The gathering is being co-hosted by Northeastern University and the University of Exeter. It will be the first time it has been held in Britain since 2009, with cities in Brazil, Mexico and Spain taking turns to host it in recent years.
Nine keynote speakers — some of the biggest names in the field of complex systems — will take to the main stage between Wednesday, Sept. 4 and the closing day on Friday, Sept. 6 in Exeter.
The keynote lineup also includes a yet-to-be revealed senior award winner. Di Clemente described the award as the profession’s version of the Oscars.
During the conference, 300 academics are expected to give presentations on research papers that have been approved by a review panel of experts.
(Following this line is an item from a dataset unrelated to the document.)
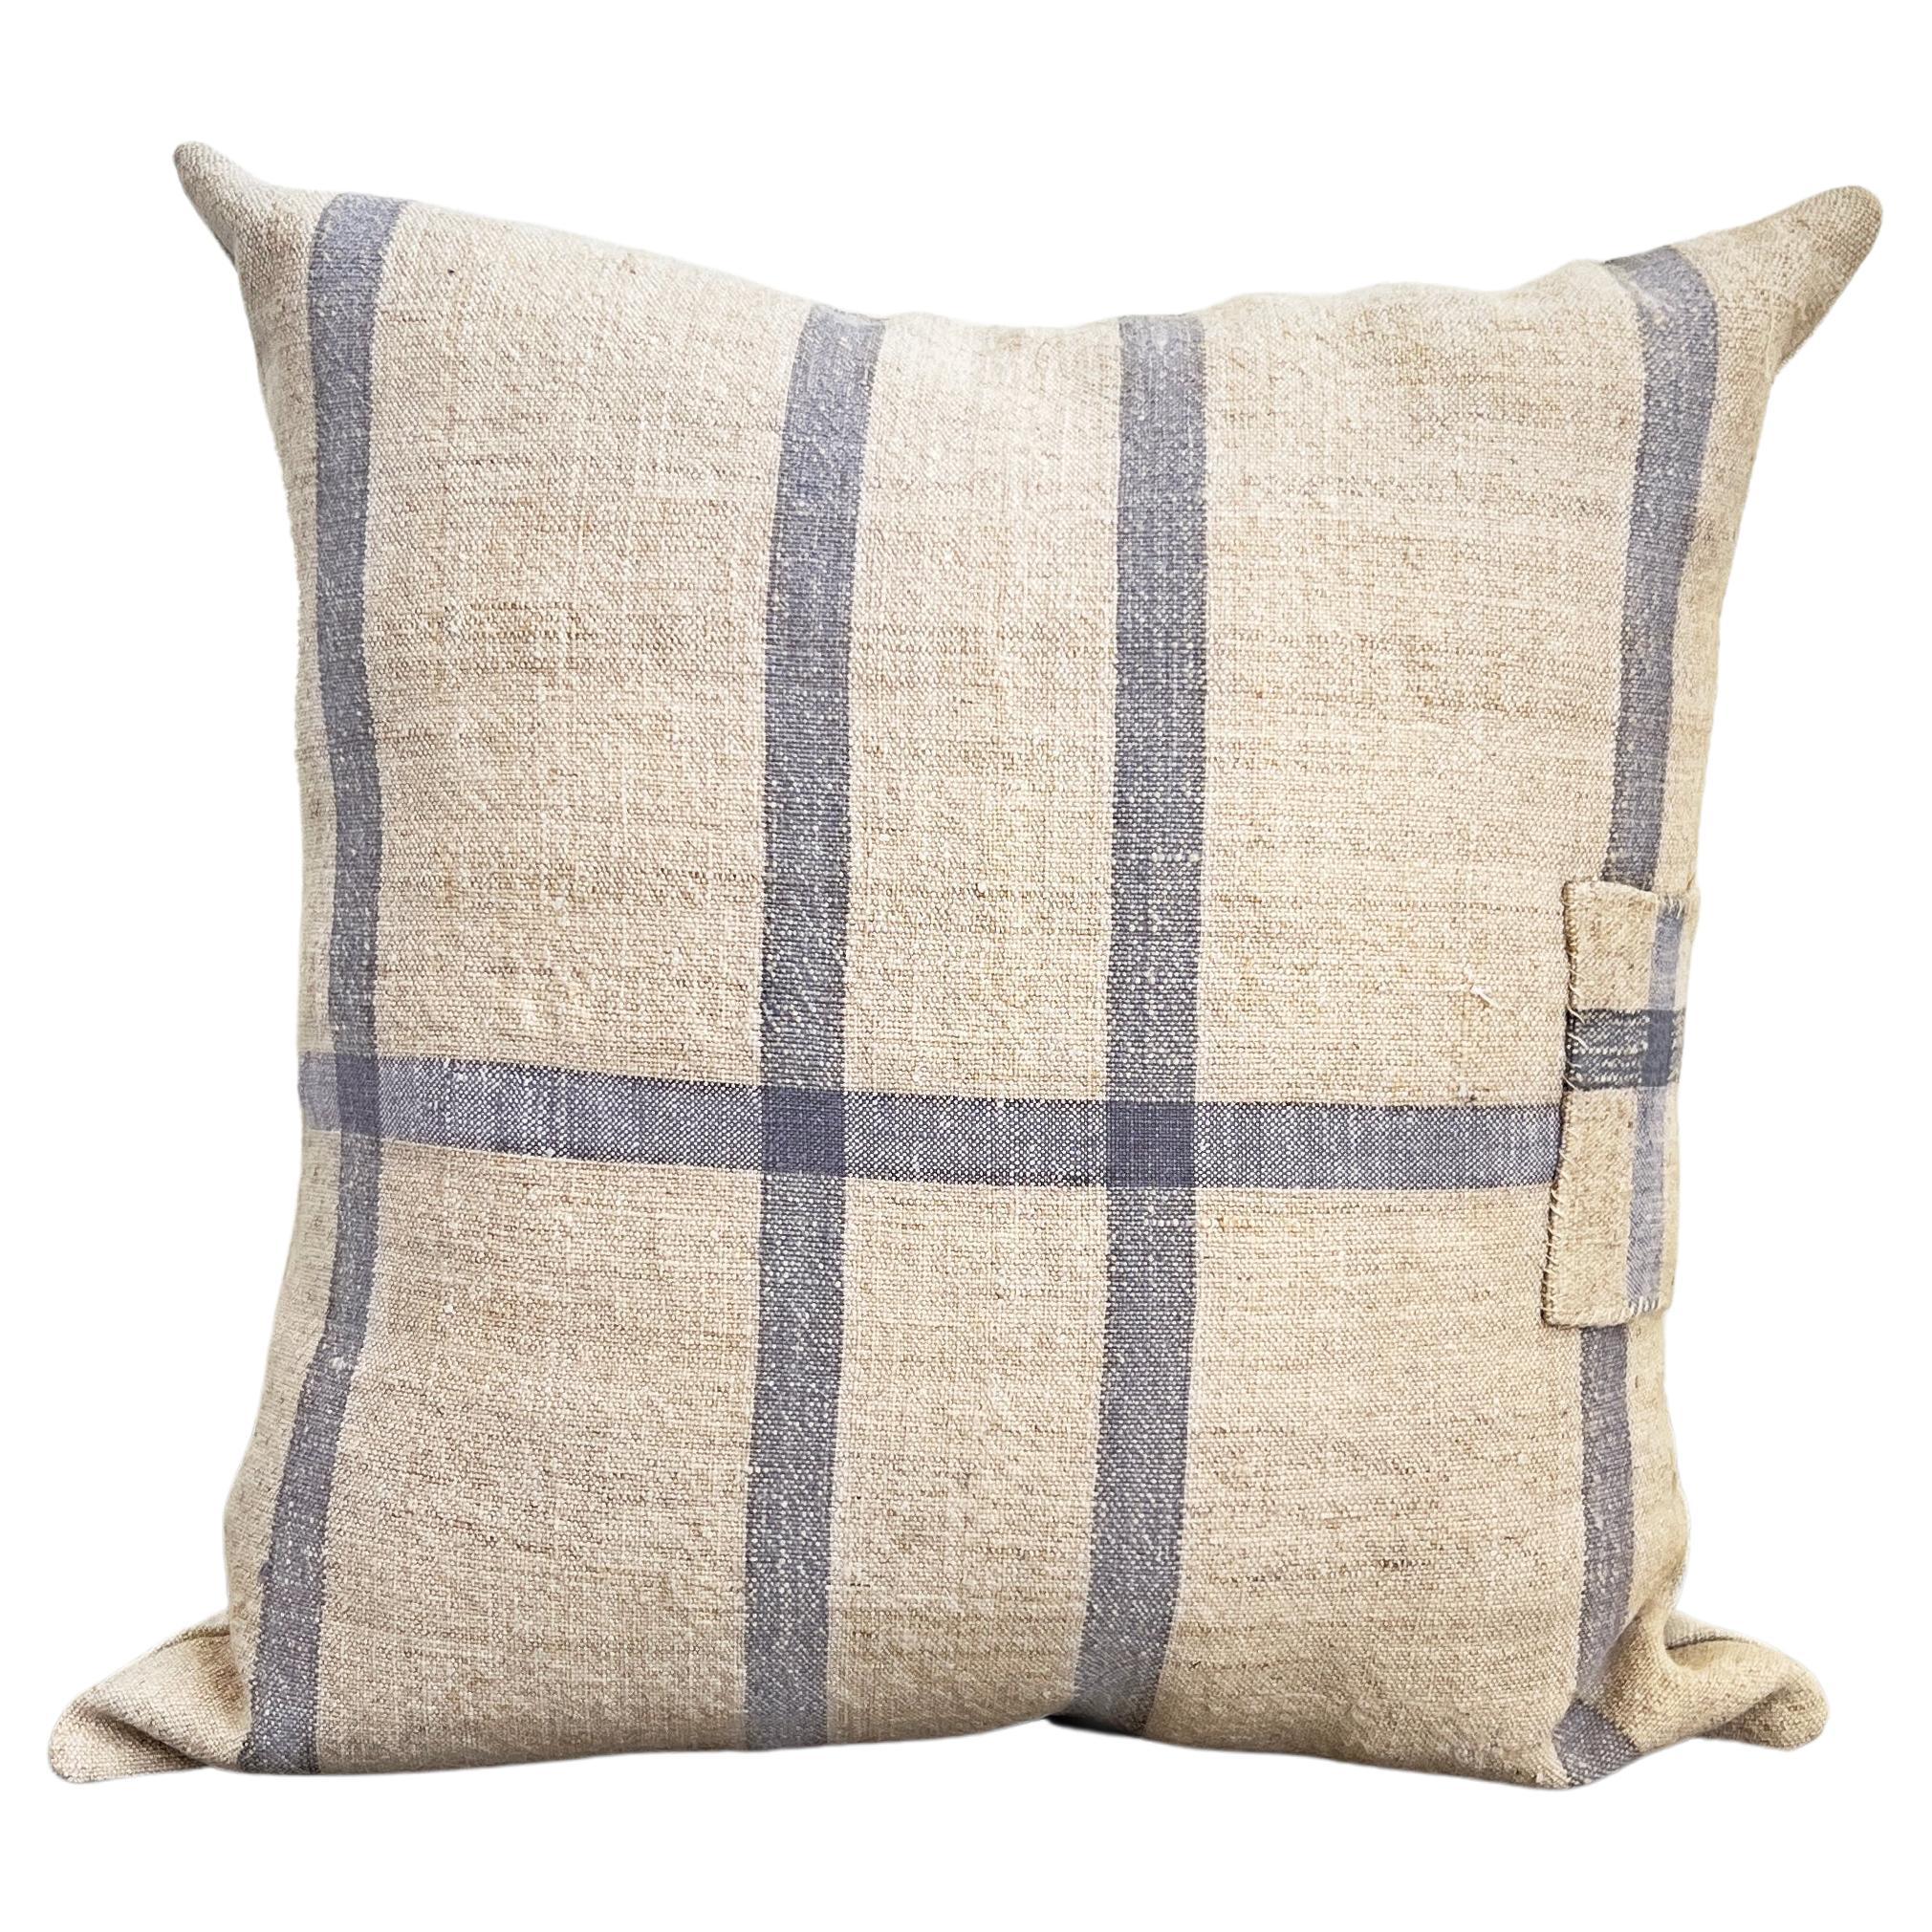 Matilde Blue Checkered Square Throw Pillow made from Vintage Linen For Sale

Kicking off the proceedings in Exeter will be 24 so-called “satellite” conferences covering a wide range of topics, from Complexity Research in Animal Behaviour to Computational Social Science, with the mini summits spread out across Monday, Sept. 2 and Tuesday, Sept. 3.
Devon House, Northeastern’s main teaching building at its campus on St Katherine’s Dock in London, will host the two-day event before the main conference starts in Exeter.
Organizers expect about 60 young researchers to attend, with Giovanni Petri, a London-based professor in Northeastern’s Network Science Institute, due to give a talk on how he ended up being at the forefront of the development of higher-order network science.
Di Clemente, an expert in human interactions in cities and online, said the decision to co-host the conference was about elevating the profile of the university’s Network Science Institute, which opened its London branch in 2022.
“We saw it as a way to boost the visibility of this new addition to Northeastern, with this London location,” he said.
“It is a way to let those in the field know that we have Northeastern University in London and we have this network science team and the London community of networks and systems.
“At the conference it will be easy to talk with people. They can come see us and chat with us and then we can show them, ‘This is our research, this is what we’re doing,’ and hopefully attract talent.
“This is our aim as Northeastern. The Network Science Institute is one of the main actors within the complex systems community — it is deeply involved.”